- WORK TASK
Type the listing below out again exactly. No images.
Top of DATA EXTRACT
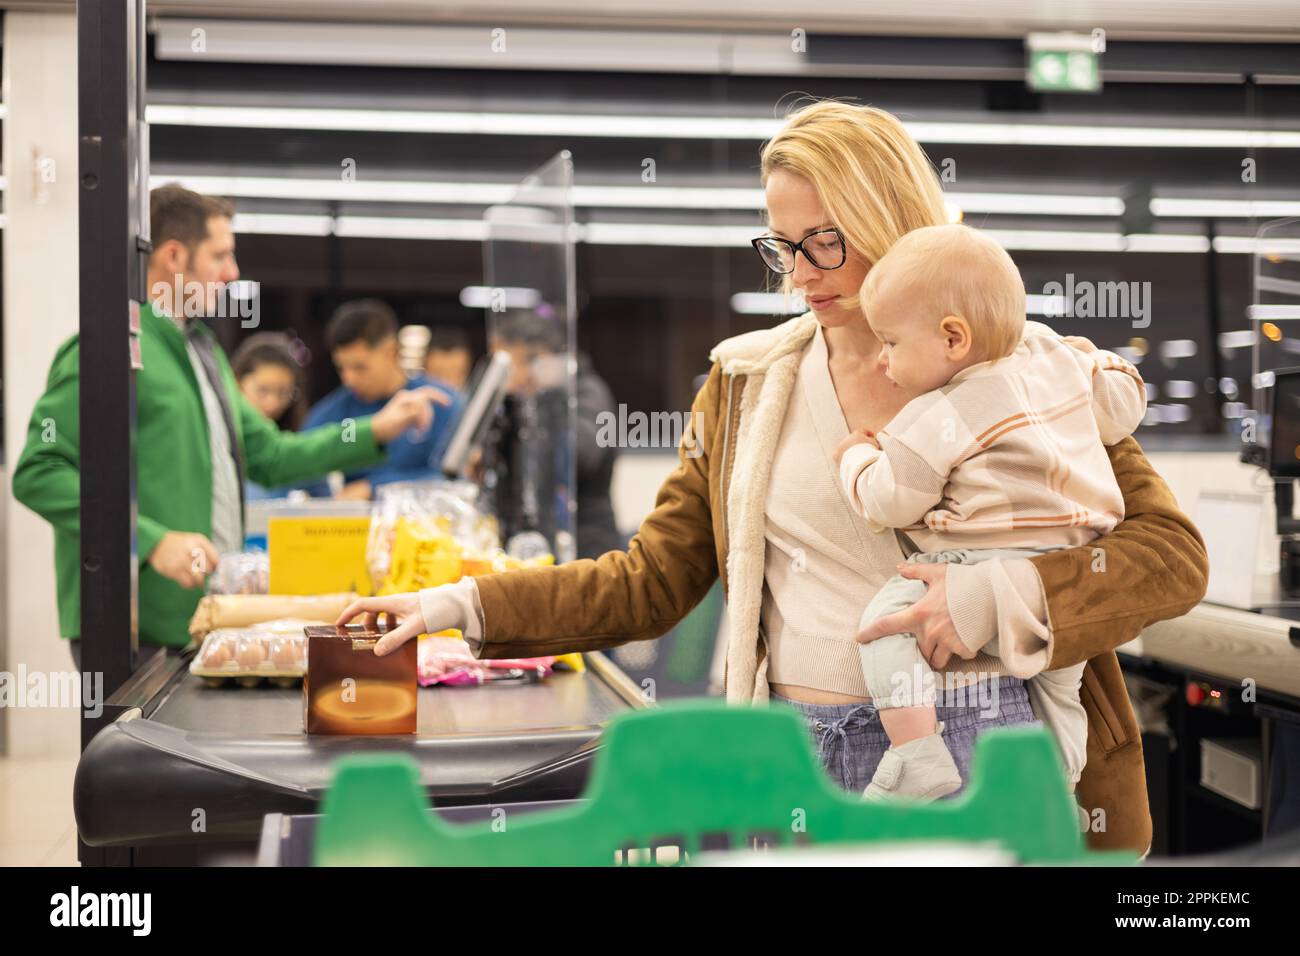 Mutter kauft mit ihrem kleinen Jungen ein und hält das Kind, während sie Produkte an der Kasse im Supermarkt stapelt. Stockfoto
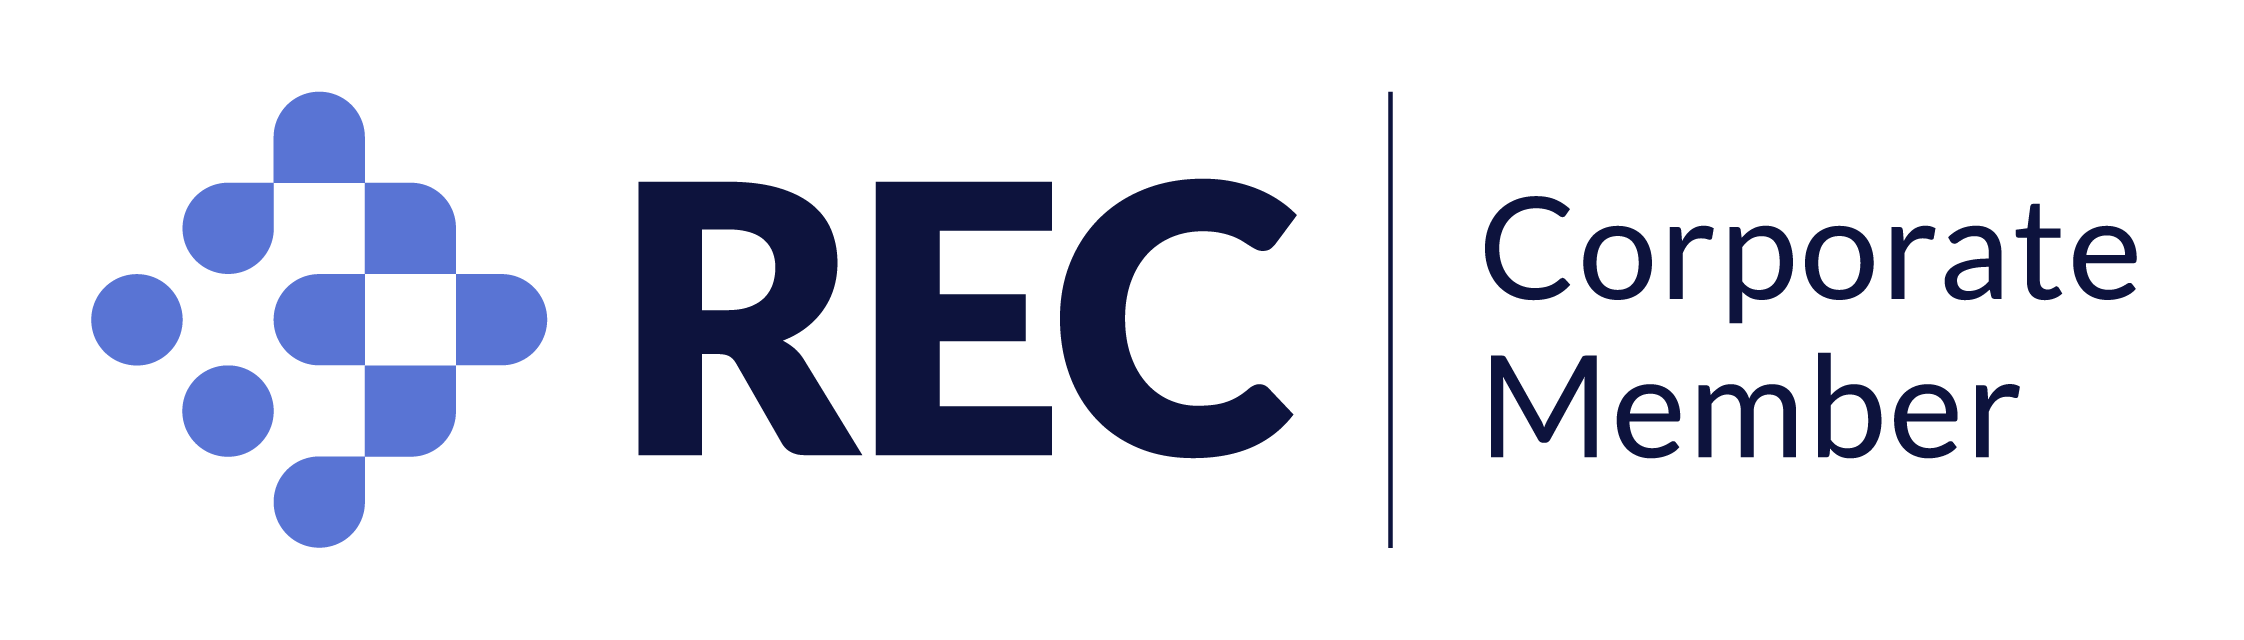 Rec corporate member logo
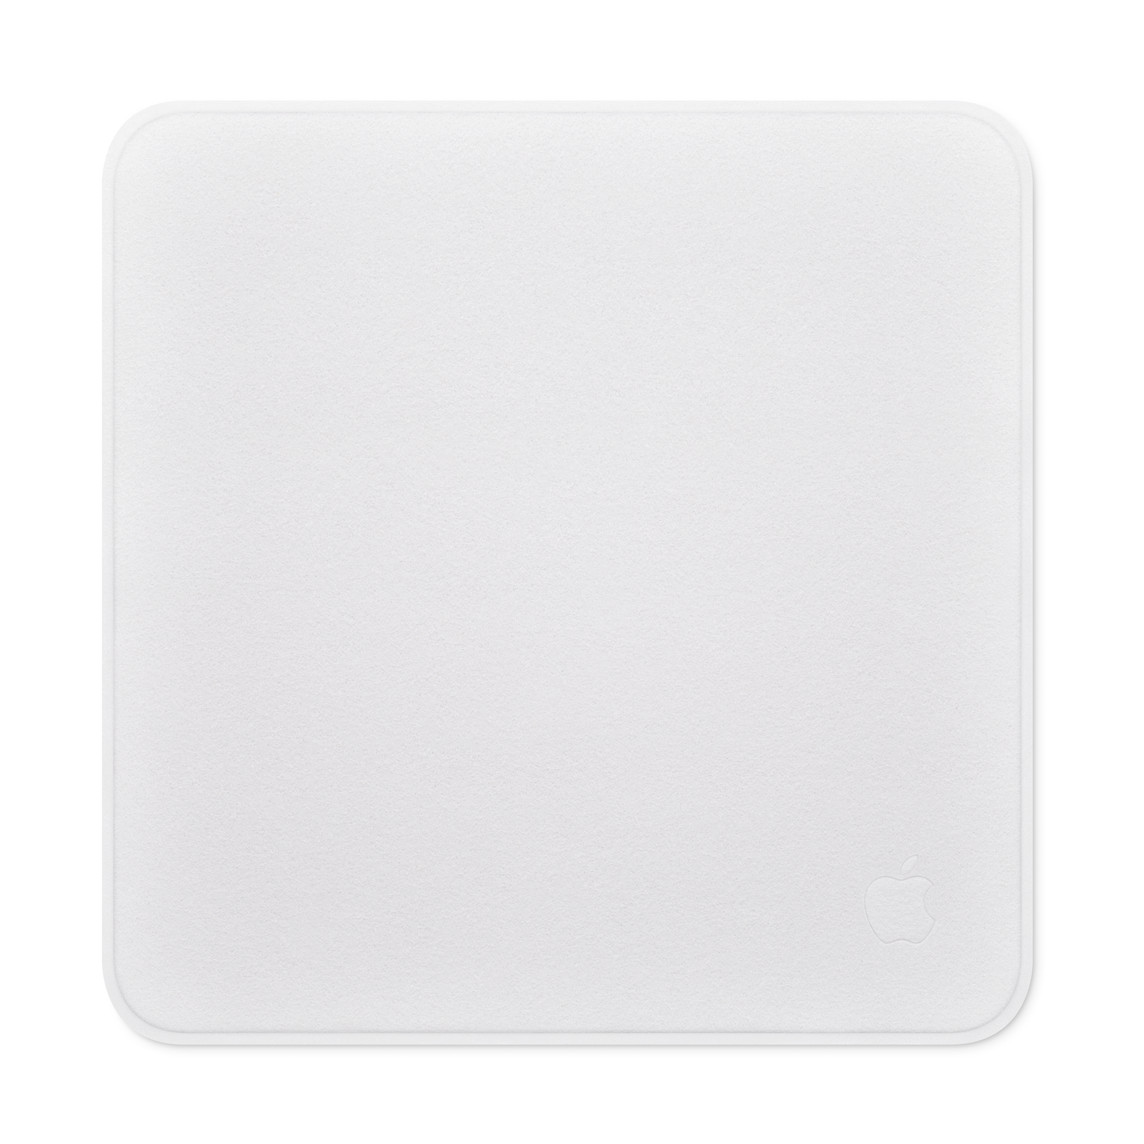 擦拭布可安全有效地清潔任何 Apple 顯示器，包括 nano-texture 玻璃。
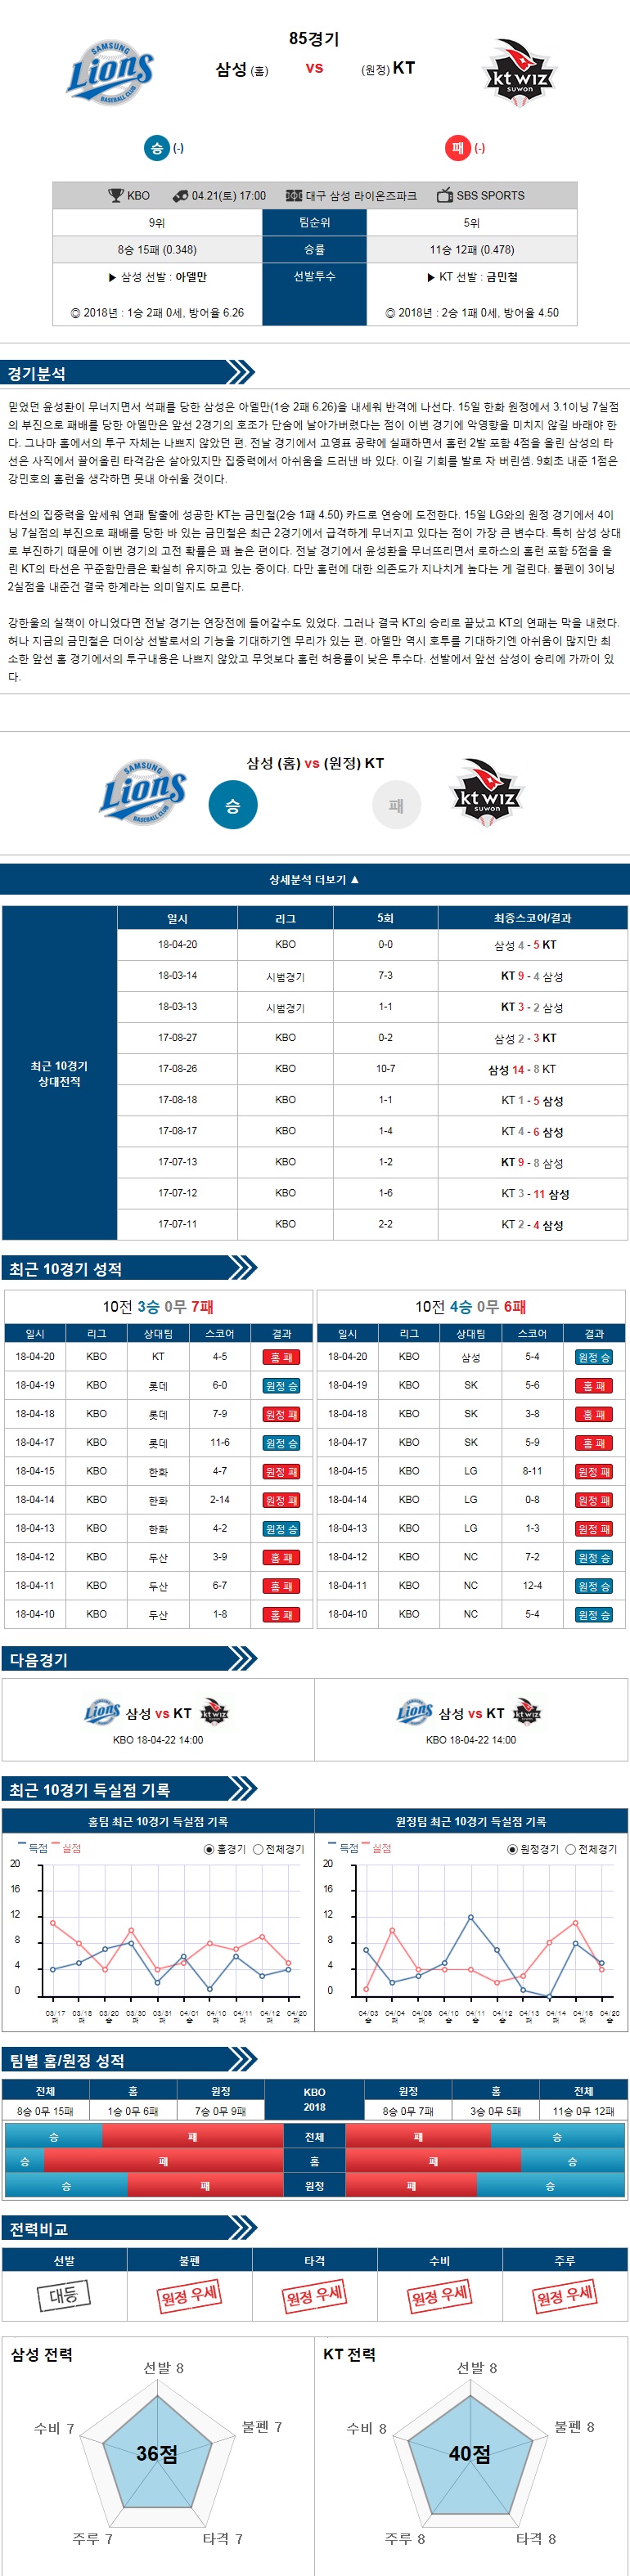 4-21 [KBO] 17:00 야구분석 삼성 vs KT
Bottom of DATA EXTRACT
- SOLUTION BELOW
 Mutter kauft mit ihrem kleinen Jungen ein und hält das Kind, während sie Produkte an der Kasse im Supermarkt stapelt. Stockfoto
 Rec corporate member logo
 擦拭布可安全有效地清潔任何 Apple 顯示器，包括 nano-texture 玻璃。
 4-21 [KBO] 17:00 야구분석 삼성 vs KT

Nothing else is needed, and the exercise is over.